Friday 6 June 2008

So Long Ribadu, Farewell, Auf Wiedersehen, Goodbye!!!

So Nuhu Ribadu has been sent on study leave to the Nigerian Institute for Policy and Strategic Studies (NIPSS) and the country is going CRAZY. For those of you who don’t know who Ribadu is, I’ll draw a quick sketch:

After the September 11th attacks the United States started its campaign against terrorism and the funding of terrorist activities. As a direct result of this anti-terrorist drive, President Obasanjo of Nigeria in 2003 created the Economic and Financial Crimes Commission (EFCC) to be the key agency of government responsible for fighting terrorism. Nuhu Ribadu, at the time a serving officer with the Nigerian Police Force was appointed the Commission’s first Executive Chairman. The focus of the Commission shifted fairly quickly from deterring terrorists (we unsurprisingly don’t have many suicidal fundamentalists in Nigeria) to silencing political opposition.

To be fair to Mr. Ribadu, almost everyone his Commission was ‘allowed’ to go after at the time was tinged with the sickly stench of corruption and gross embezzlement. Unfortunately this very zealous but selective anti-corruption crusade was more like a witch-hunt and Ribadu’s numerous public speeches were starting to sound more and more like the rabid rhetoric of a mad inquistador. His brashness and personal attacks on people being investigated were also making him elephantine enemies who had long memories.
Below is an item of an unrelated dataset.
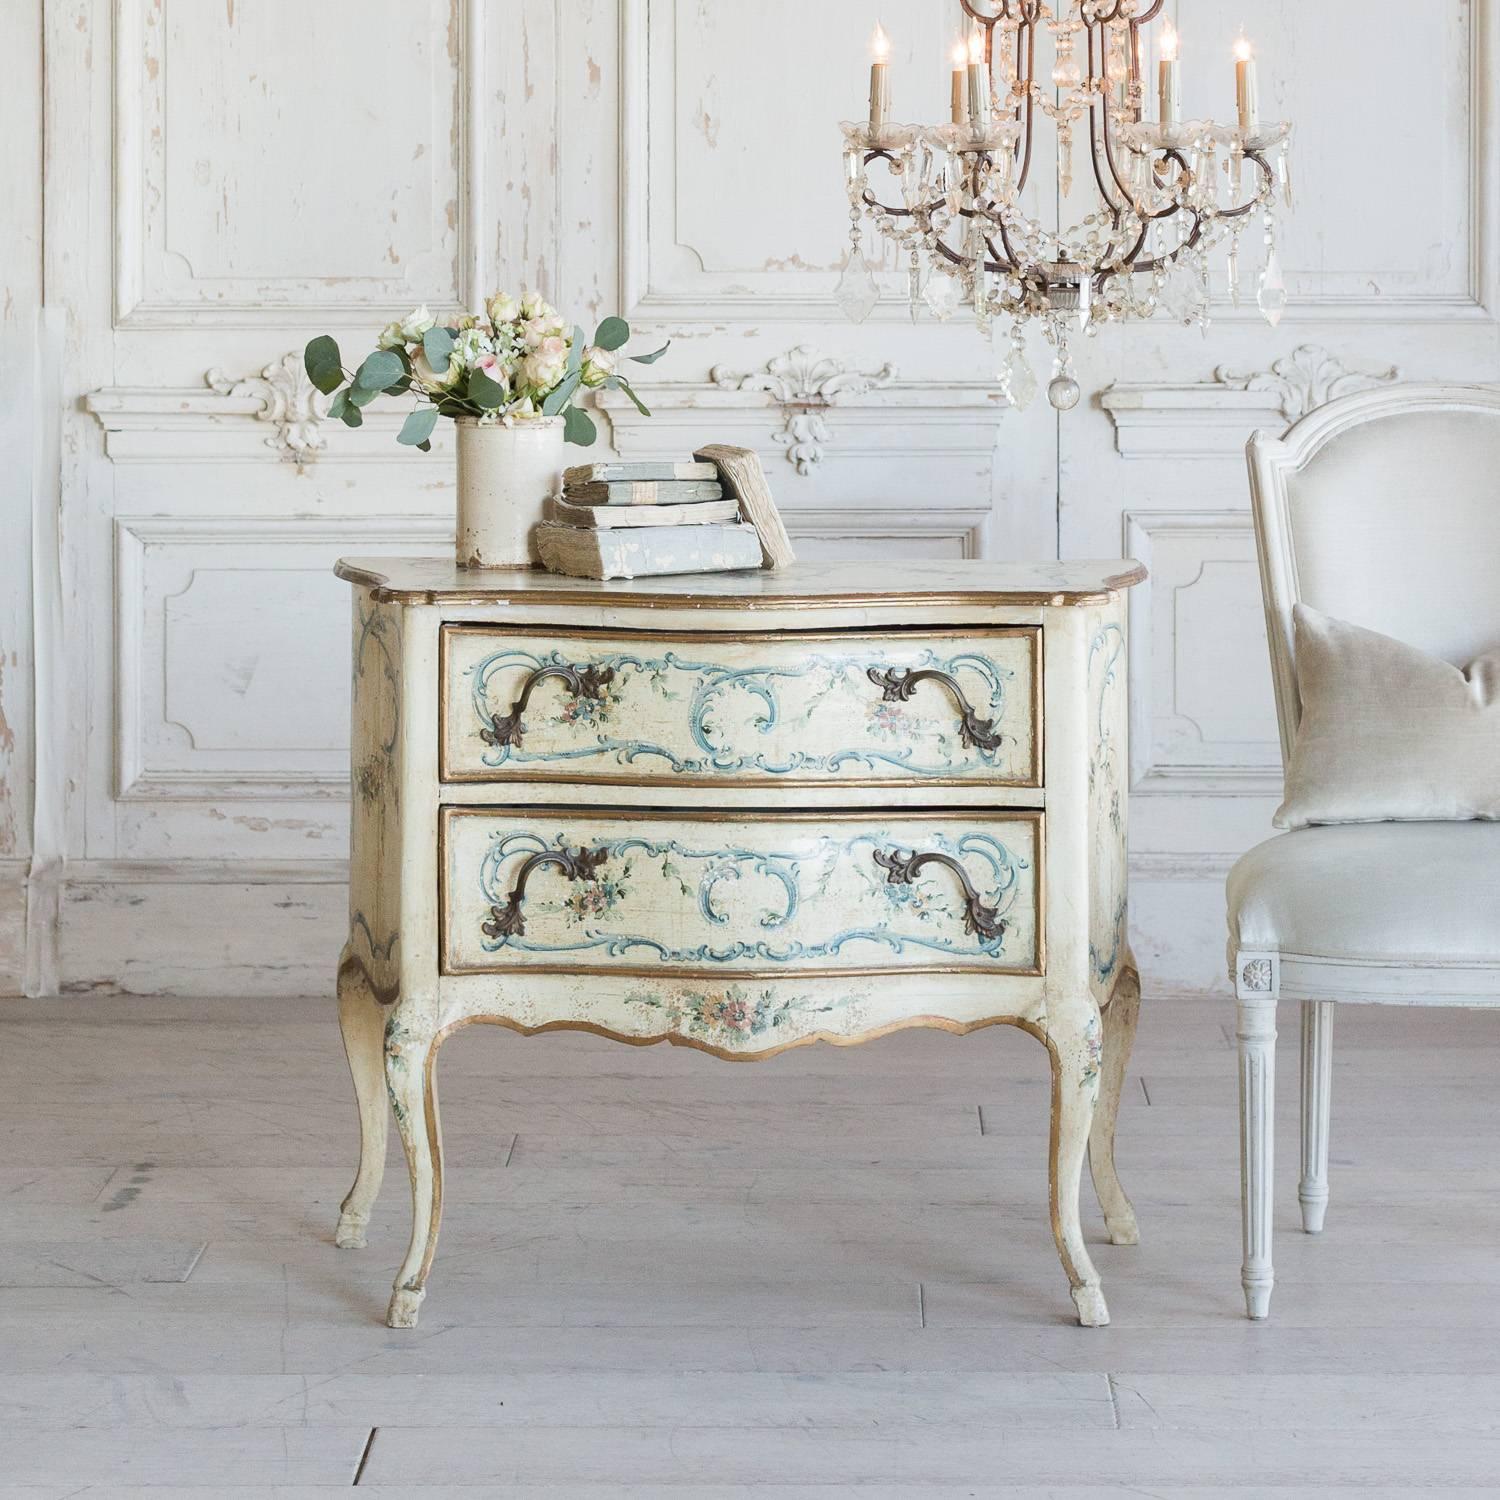 Charming antique nightstand commode in light buttercream finish with hand-painted flowers in pink and blue hues. Elaborate, Louis XV serpentine design adds charm and a touch of glamour to this piece. Two large drawers with a soft floral lining keep

I am a student of politics and power, and sadly Ribadu was neither a politician, diplomat, nor technocrat. He was just a police officer with visions of becoming the man who erased corruption from the Nigerian lexicon. His Waterloo came when Nigeria’s new president Umaru Yar’Adua was sworn into office in 2007. If Ribadu had been a politician, he would have realised the obvious: that his was a political office and that his remit, his mandate was of a necessity determined by whoever was President. If he was a diplomat, he should have negotiated a compromise between the new Government’s vision and his Commission’s fight against those Nigerians who were bleeding the country dry. If he had been a technocrat Ribadu would not have been blinded by the light shining off the numerous awards and trophies he had collected from international organisations. He would have shied away from journalists and reporters who had built him up as the most powerful person in sub-Saharan Africa and he would have quietly gotten on with his job.

Anyway, he’s gone now, so happy trails to our anti-corruption tsar. The EFCC will continue throwing thieves into jail, and our war against corruption and money laundering and terrorism (of course) will continue. I’ll accept that whoever fills Ribadu’s shoes will most probably be President Yar’Adua’s stooge. I’m more than happy with that because I feel that a Yar’Adua-stooge is better than having one that may have been Obasanjo’s puppet.

And regardless of the President’s agenda, I 100% believe that coming from where we’ve been as a country, a half-hearted fight against corruption is better than none at all.